Брезгливое любопытство сменяется гневом.
— А наестся дерьма ты не пробовал? И ещё измазаться им с ног до головы, а потом блеять и скакать на четырёх конечностях?
— При чём тут?.. — я наконец обрёл голос.
— А при том, что вот эти двое погибли не для того, чтобы люди в их честь травились этиловым спиртом! И я заявляю прямо — мне непонятен и противен этот ваш дикарский обычай! Надо же такое выдумать!
— Этот обычай выдуман не мной…
— Этот обычай выдуман дураками, для которых любой ум, даже самый куцый — тяжёлая обуза. Деду можно простить — над ним довлеет жестокая память войны, проникшая в подсознание. Но даже он постарался спрятаться, чтобы никто не видел. Ты же валяешься здесь, не то что не мывшись — даже не раздевшись! Встань и приведи себя в порядок, немедленно!

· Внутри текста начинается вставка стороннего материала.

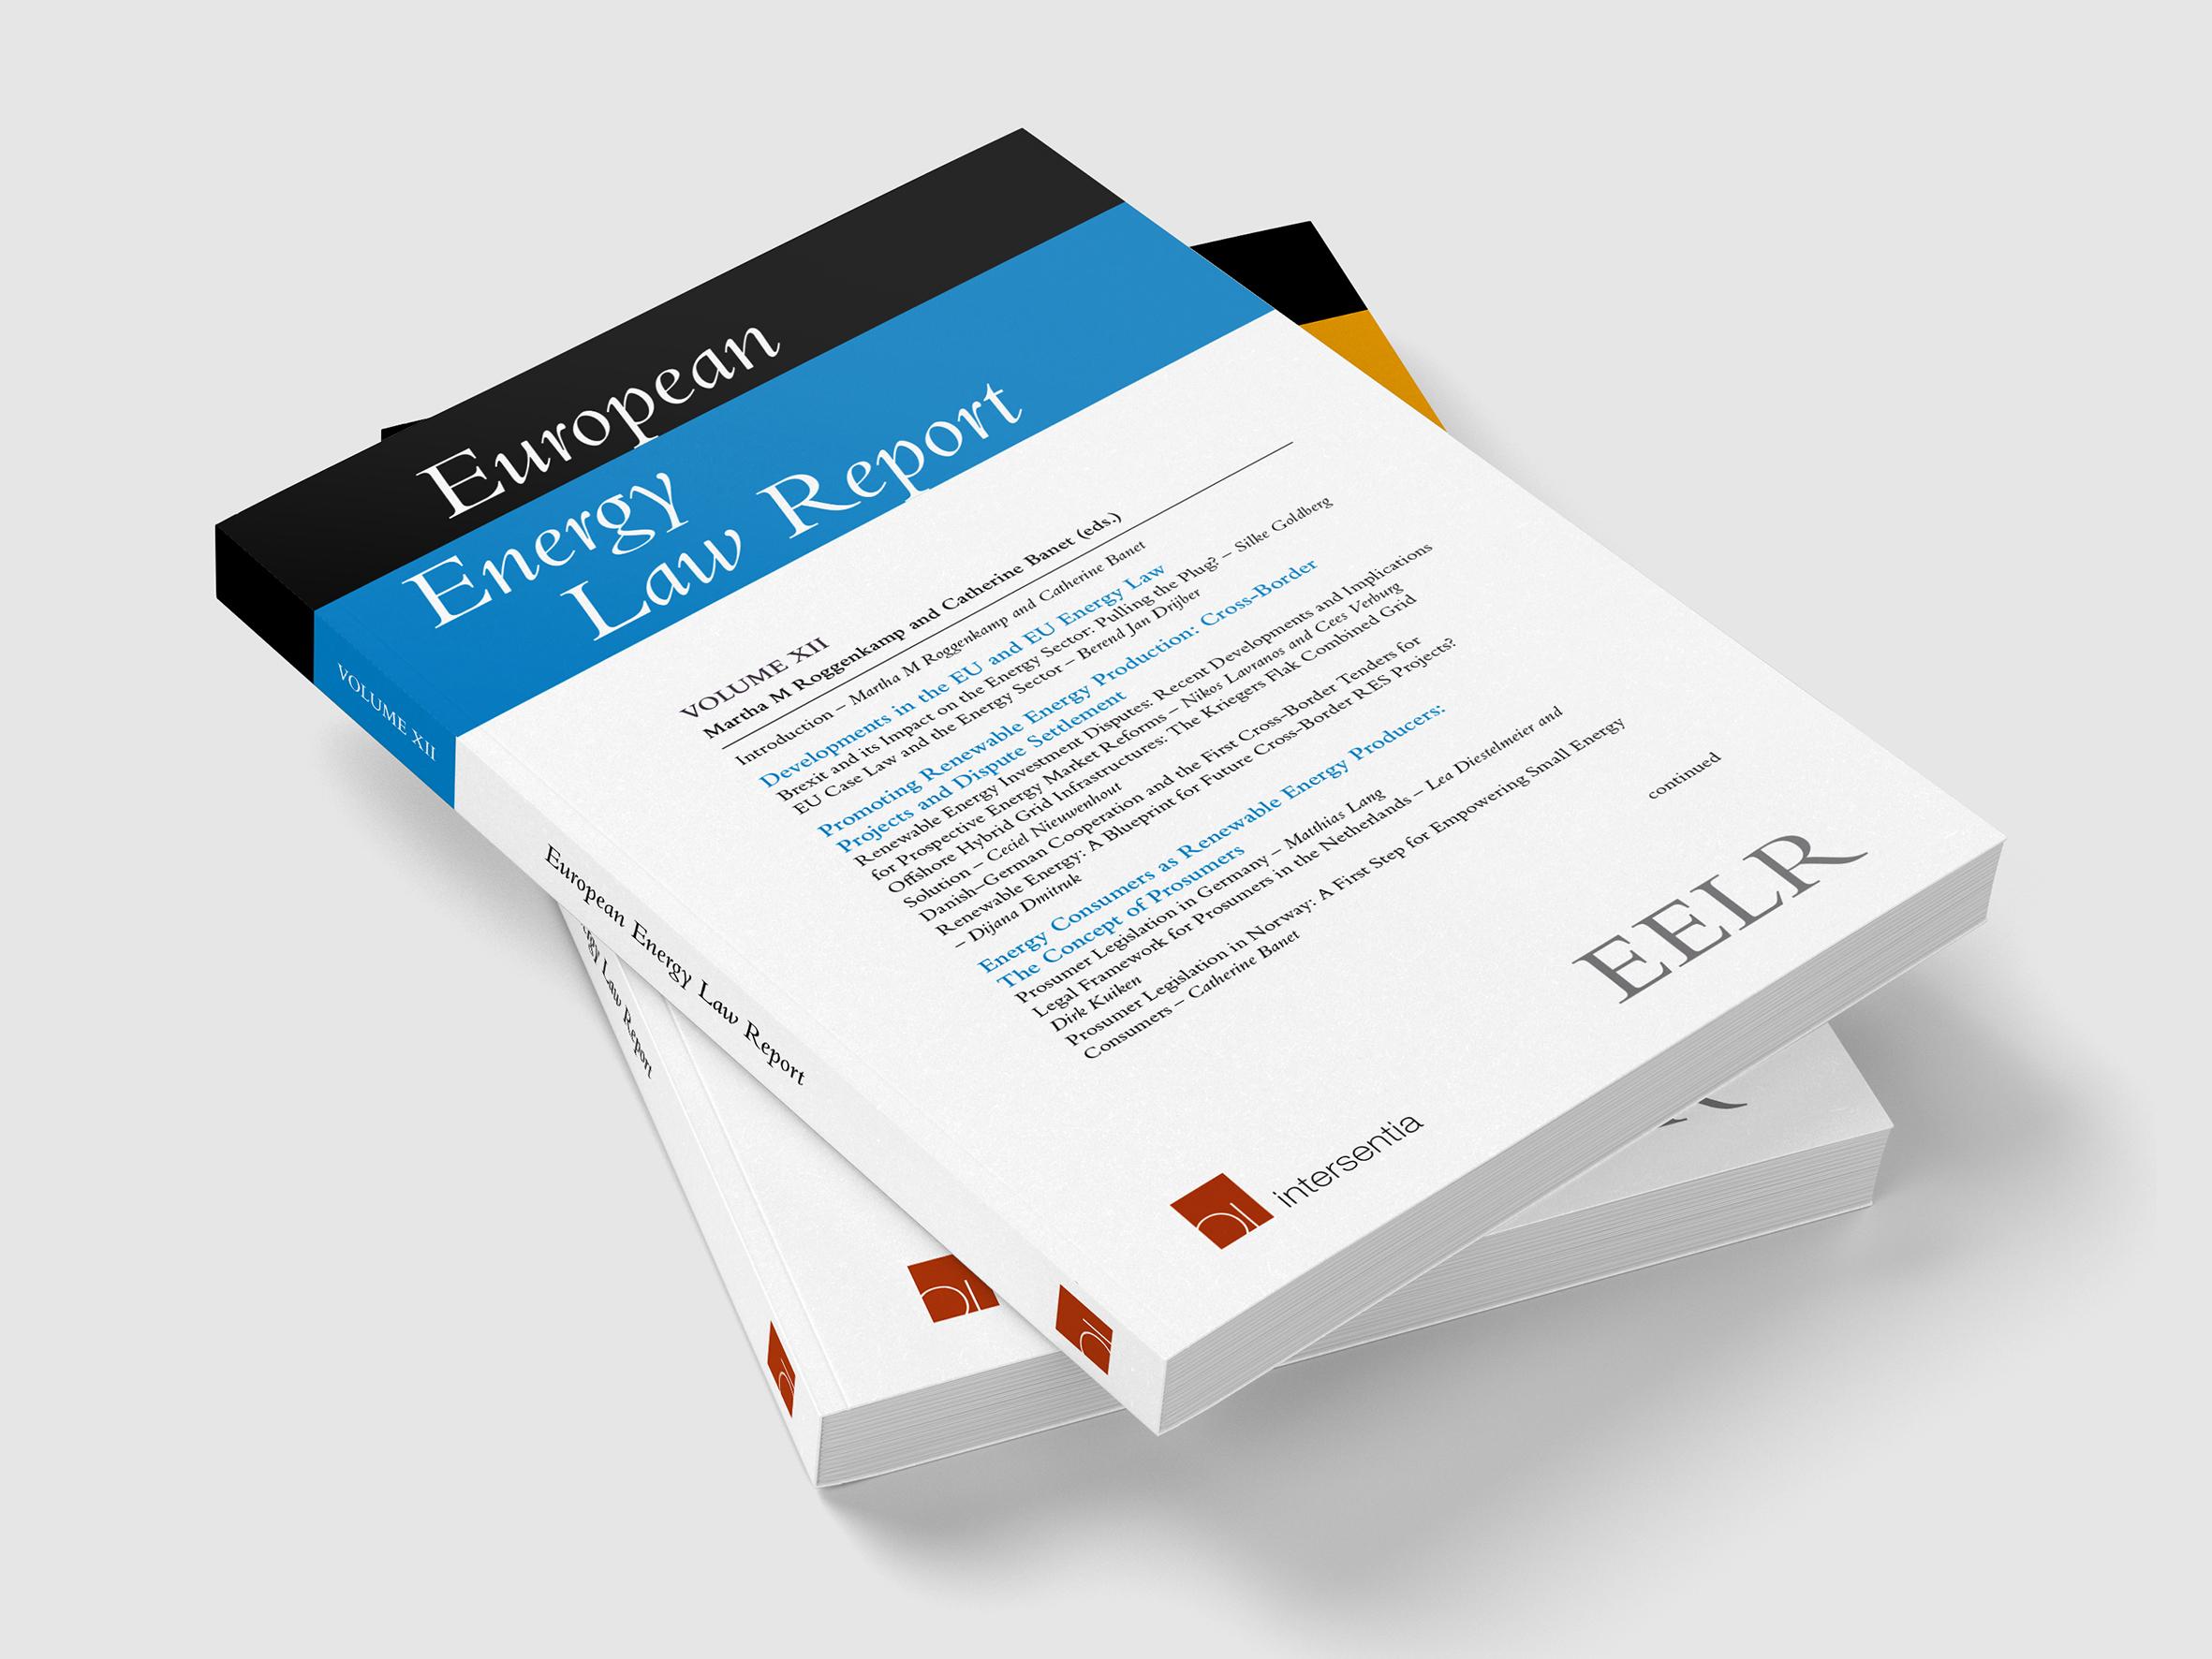 European Energy Law Report

Мне обидно, но привычка быстро и чётко выполнять команды въелась так глубоко, что я начинаю вставать помимо воли. У-ух, как штормит!..
Гнев стихает, и я ощущаю даже сквозь алкоголь, как она расстроена.
— Не могу я понять людей, Рома. И даже тебя, как выяснилось. Наверное, я тупая. Вот сегодня утром я смотрела на тебя с восхищением и даже каким-то страхом. Надо же, мой муж — Великий Спящий! А сейчас он же — дурак дураком. Нет, больше — грязное, дурно пахнущее животное.
— Зверь — пытаюсь я пошутить.
— Нет, Рома — она грустно усмехается — именно немытое потное животное. К моему глубокому сожалению.
Её душат слёзы, и мне страстно хочется её обнять, утешить, но какой-то сторожок в медленно проясняющемся мозгу удерживает меня. Будет хуже.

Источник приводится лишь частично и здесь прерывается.